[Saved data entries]
━━━━━━━━
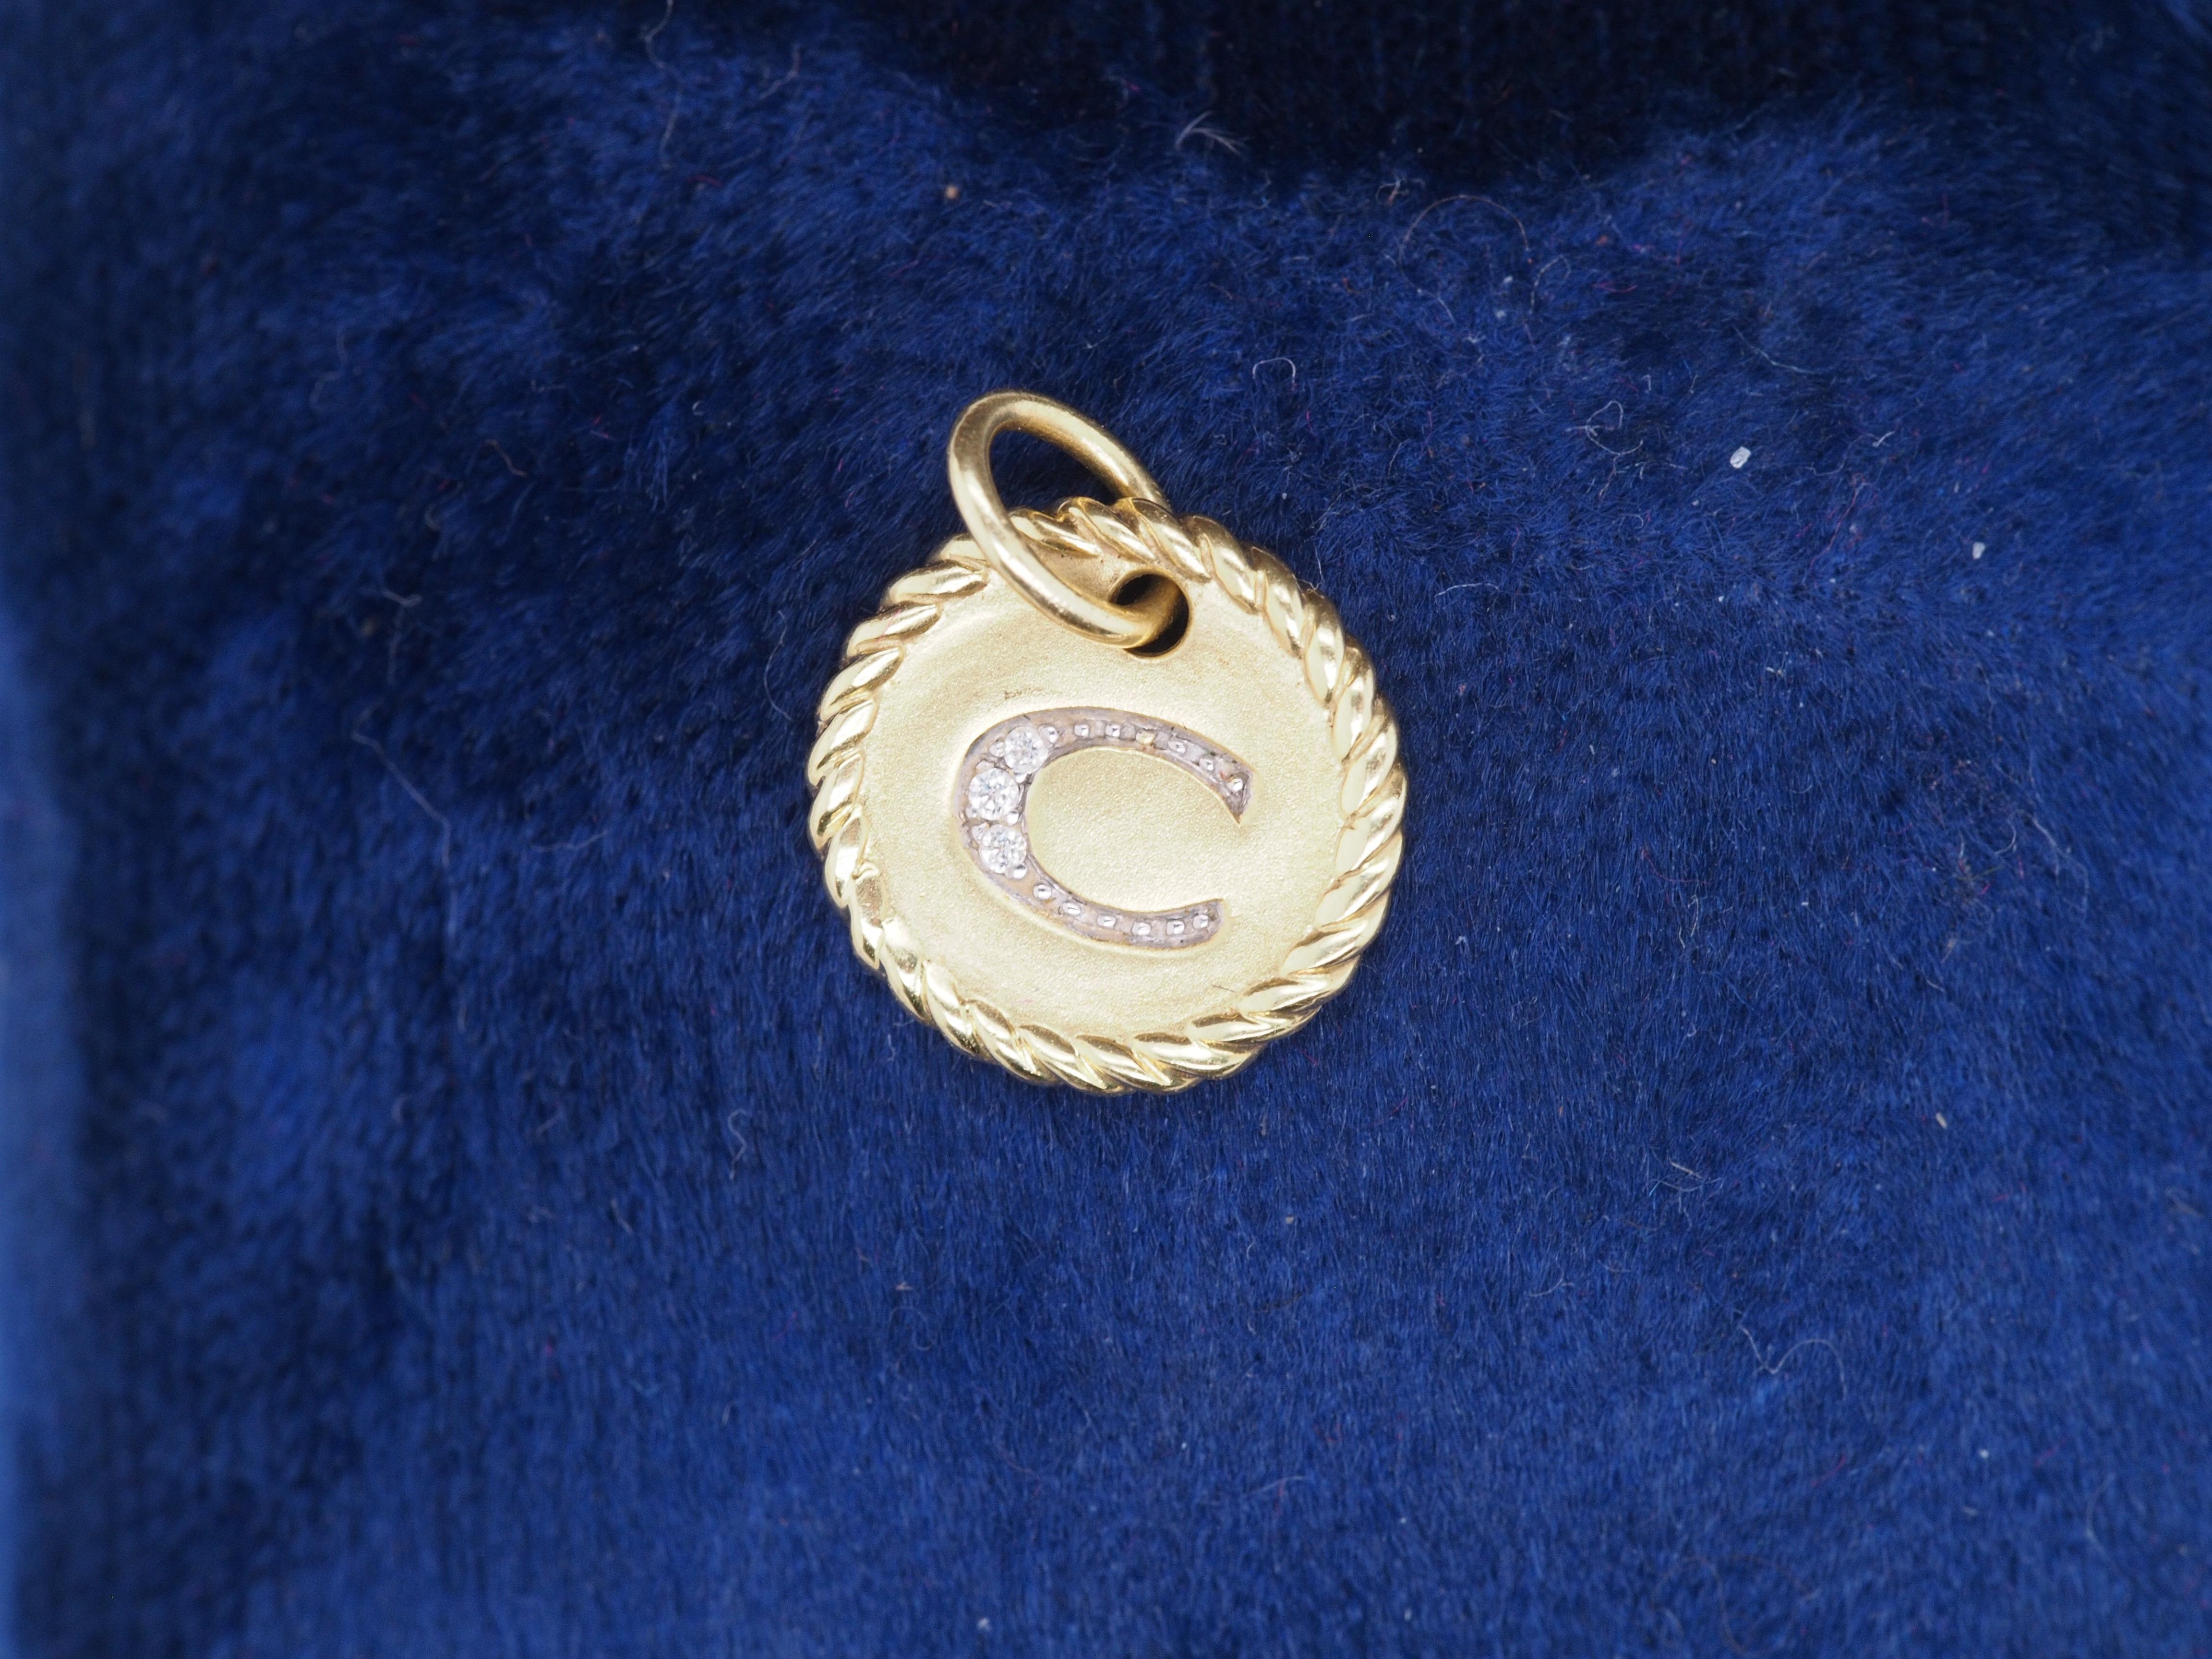 Year: 2000s
Item Details:
Metal Type: 18K Yellow Gold [Hallmarked, and Tested]
Weight: 1.2 grams
Measurement: 0.5 inch long
Condition: Excellent
Price: $400
Payment & Refund Details:
More Pictures Available on Request
Payment via
━━━━━━━━
> _ASSIGNED TASK_
Nothing but the lines from the one containing "Measurement: 0.5 inch long" through the end of the entries belongs in the answer; repeat them exactly.

> _REPLY TO THE EXERCISE_
Measurement: 0.5 inch long
Condition: Excellent
Price: $400
Payment & Refund Details:
More Pictures Available on Request
Payment via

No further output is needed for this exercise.